The objective of the activity is to design, develop, and demonstrate a GEO satellite communication system that integrates an intermediate layer of HAPS to provide command and control links, broadband payload data communications and inter-vehicle links to swarms of unmanned vehicles. The project aims at providing Broadband Satellite Service via HAPS (BSSH), as communication services to RPAS verticals over satellites utilizing HAPS as a permanent relay, particularly for those areas with limited radio coverage or bandwidth. While several satellite solutions exist for provision of communication services to aircraft, most RPAS cannot use these solutions because of their size, weight and power constraints. Only a minority of larger RPAS can embark satellite terminals in Ku or Ka band.
To that end, the project firstly captures the technical requirements of a joint RPAS and HAPS communication system over GEO satellites based on the high-level user requirements and environmental system characteristics Secondly, the project will design an end-to-end broadband satellite communication system that meets those requirements. Finally, the project implements the communication system as a demonstrator for validation and verification of the system technical requirements. The targeted improvement is enabling communication between GEO satellites and RPAS using HAPS as a relay.

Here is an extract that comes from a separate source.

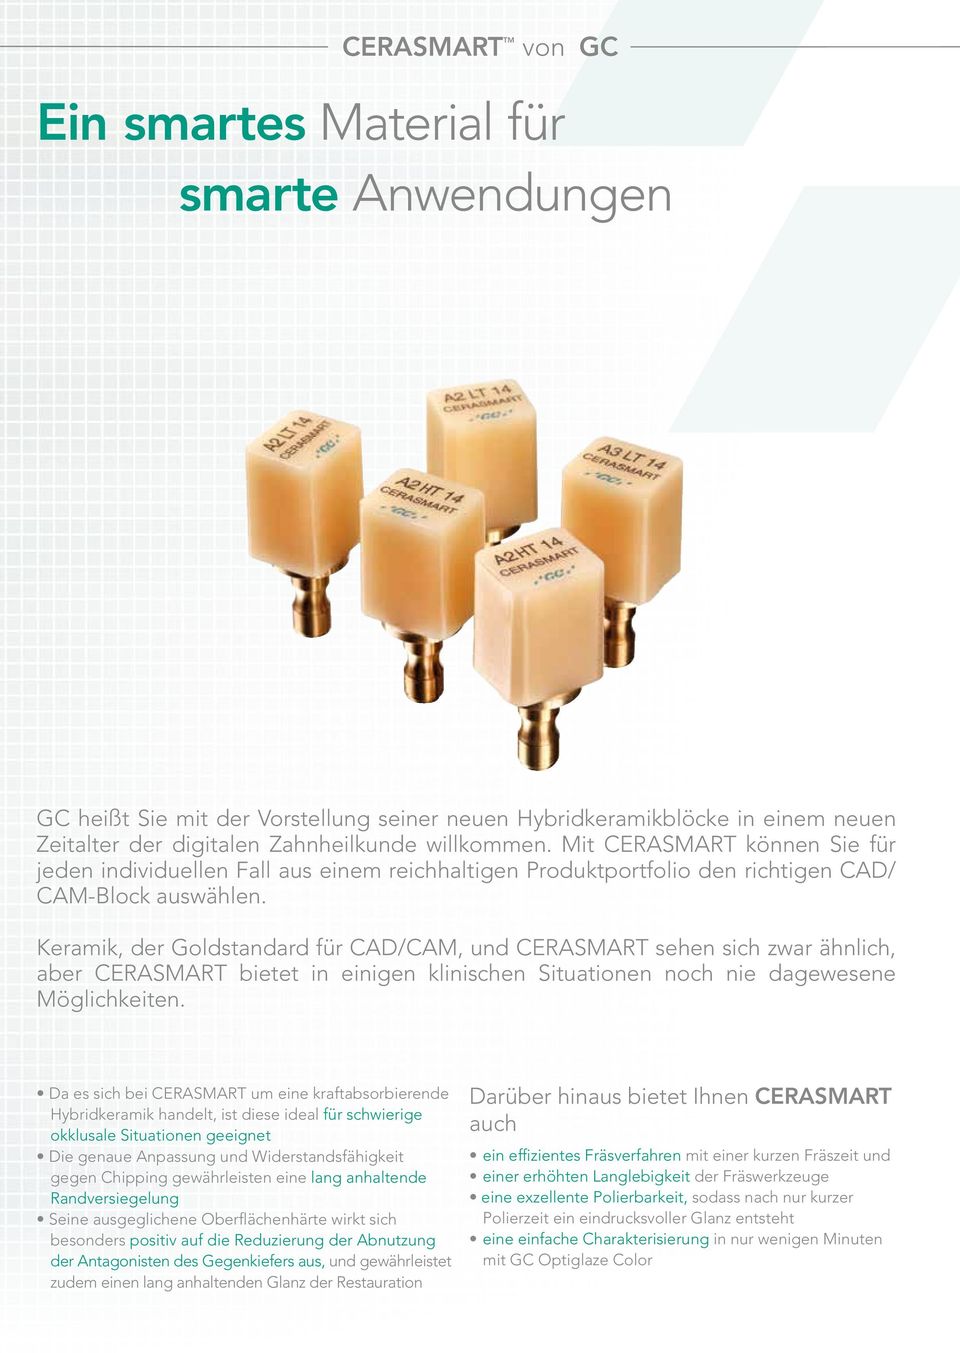 Keramik, der Goldstandard für CAD/CAM, und CERASMART sehen sich zwar ähnlich, aber CERASMART bietet in einigen klinischen Situationen noch nie dagewesene Möglichkeiten.
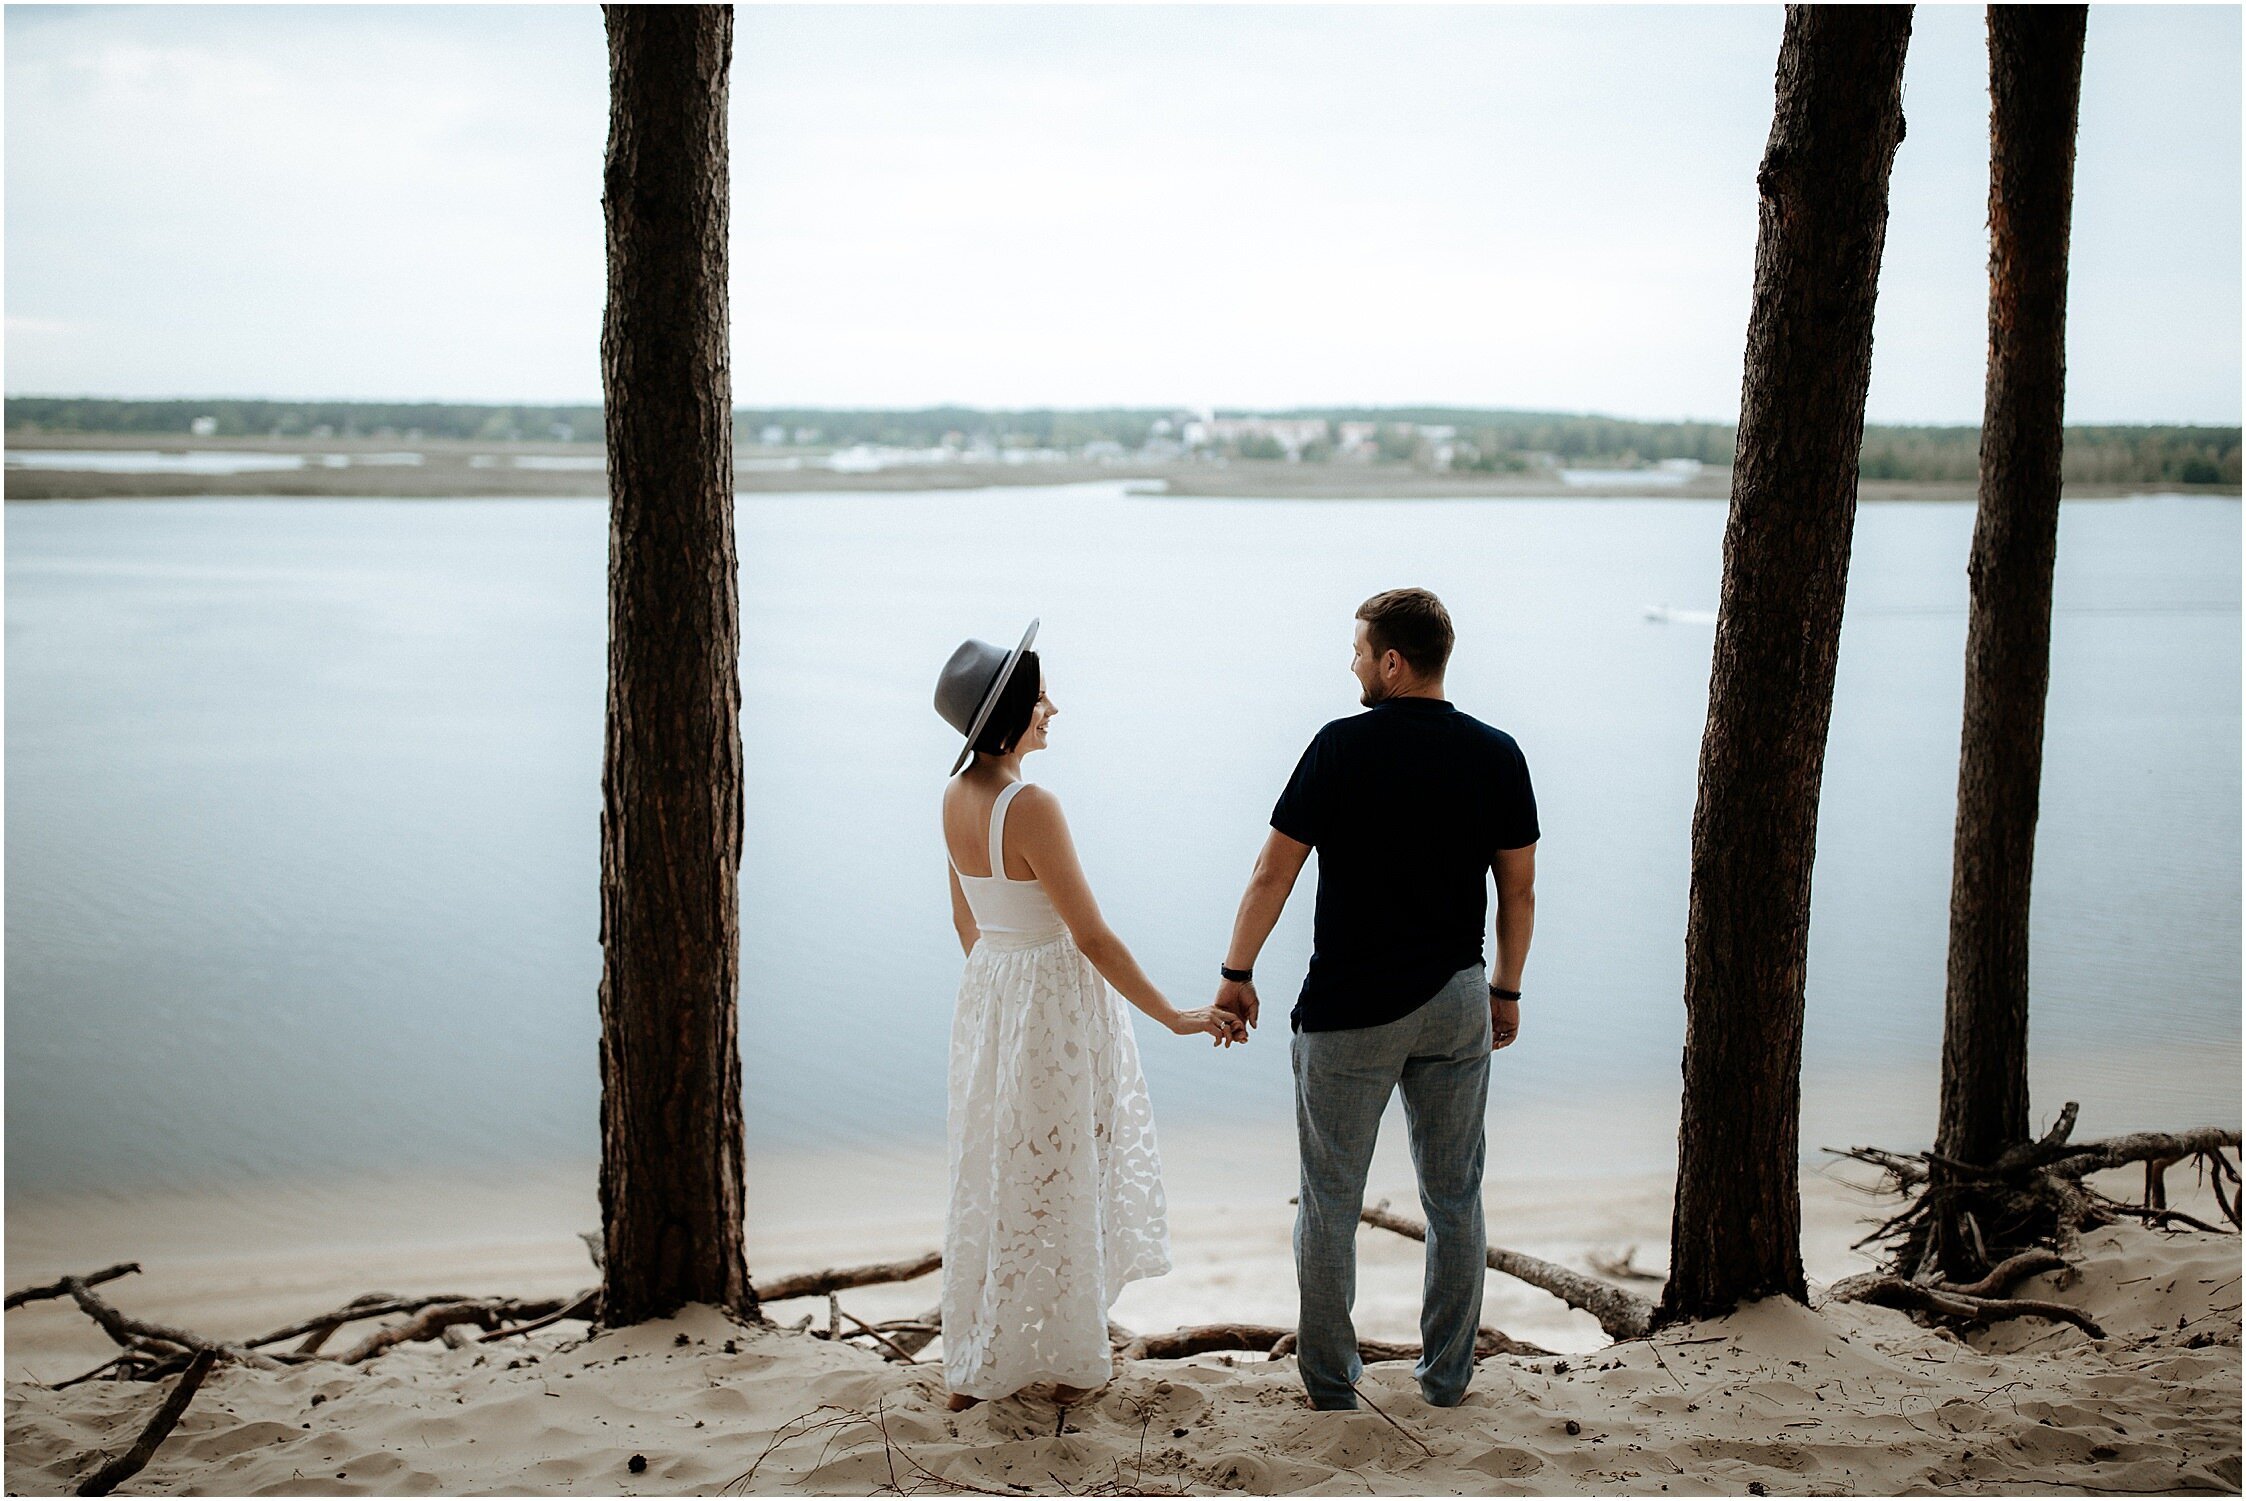 Zanda+Auckland+wedding+photographer+romantic+couple+portrait++white+sand+dunes+Europe+Latvia+New+Zealand_7.jpeg

The design of the RF components of the payload onboard HAPS is a major challenge of the activity. The BSSH system encompasses a dedicated airborne RF subsystem that is integrated into and powered by the HAPS platform. The HAPS RF subsystem is transparent with respect to utilized communication standards. The HAPS subsystem includes bandpass filter, low noise amplifier, diplexer , frequency converter, and the high power amplifier. A further challenge is the proper design of a synchronised demonstrator on Matlab/Simulink and development of the channel access to accommodate payload and C2 communication for a certain number of RPAS.
The UAV verticals including drone operators and UAV air traffic management service providers are considered as main target users.
Drone operators need preferably an on-line processing and analysis of a huge amount of survey data (e.g., video and sensor data) captured by the drones. By on-line data processing, in case the collected data is not conclusive enough, the operators have the opportunity to retry the session at once and on the spot minimizing the risk for a costly reuptake of the mission on-site if an off-line analysis reveals that the collected data is incomprehensive.
The BSSH aims at providing the following Key Performance Indicators (PKI) to the UAV verticals:
Low power consumption
Service provision to many UAVs in swarm
Networking via IP Mobility
The intended BSSH system coverage area is all member states of the European Civil Aviation Conference (ECAC). The figure shows exemplary how a cluster of 6 HAPS can provide coverage over UK and Ireland.
Geographical Coverage: The satellite as core anchor of the Broadband Satellite Services via HAPS (BSSH) provides the much needed full geographical coverage to UAV verticals by utilization of HAPS as relay particularly necessary in areas with limited terrestrial radio coverage. The HAPS overcomes the last miles down to the small drones featuring limited energy and size with no satellite terminals in Ku or Ka band. The satellite can additionally provide connectivity for command and control data in case of Beyond-Radio-Line-of-Sight operational scenarios.
Broadband Communications: For the provision of user traffic such as video or earth observation data the RPAS rely on high throughput links. The broadband satellite communications offer low in price bandwidth compared with the existing and future terrestrial links such as in high price 5G technology.
The Broadband Satellite Service via HAPS (BSSH) provides the UAV verticals with a broadband communication services enabling the exchange of control and user data particularly for applications that require low delay, high reliability, and high throughput, such as applications in UAV air traffic management, earth observation, and public safety. The figure below shows the BSSH system overview.
Upon target use cases, the activity firstly captures the technical requirements of a joint RPAS-HAPS communications system over GSO satellites derived from the high-level user requirements and environmental system characteristics. Upon the specification of technical requirements, the project designs the end to end broadband satellite communications system that meets those requirements. Finally, the project implements the communications system as a demonstrator for validation and verification of the technical requirements.
Project has been completed from feasibility study and design to Demo.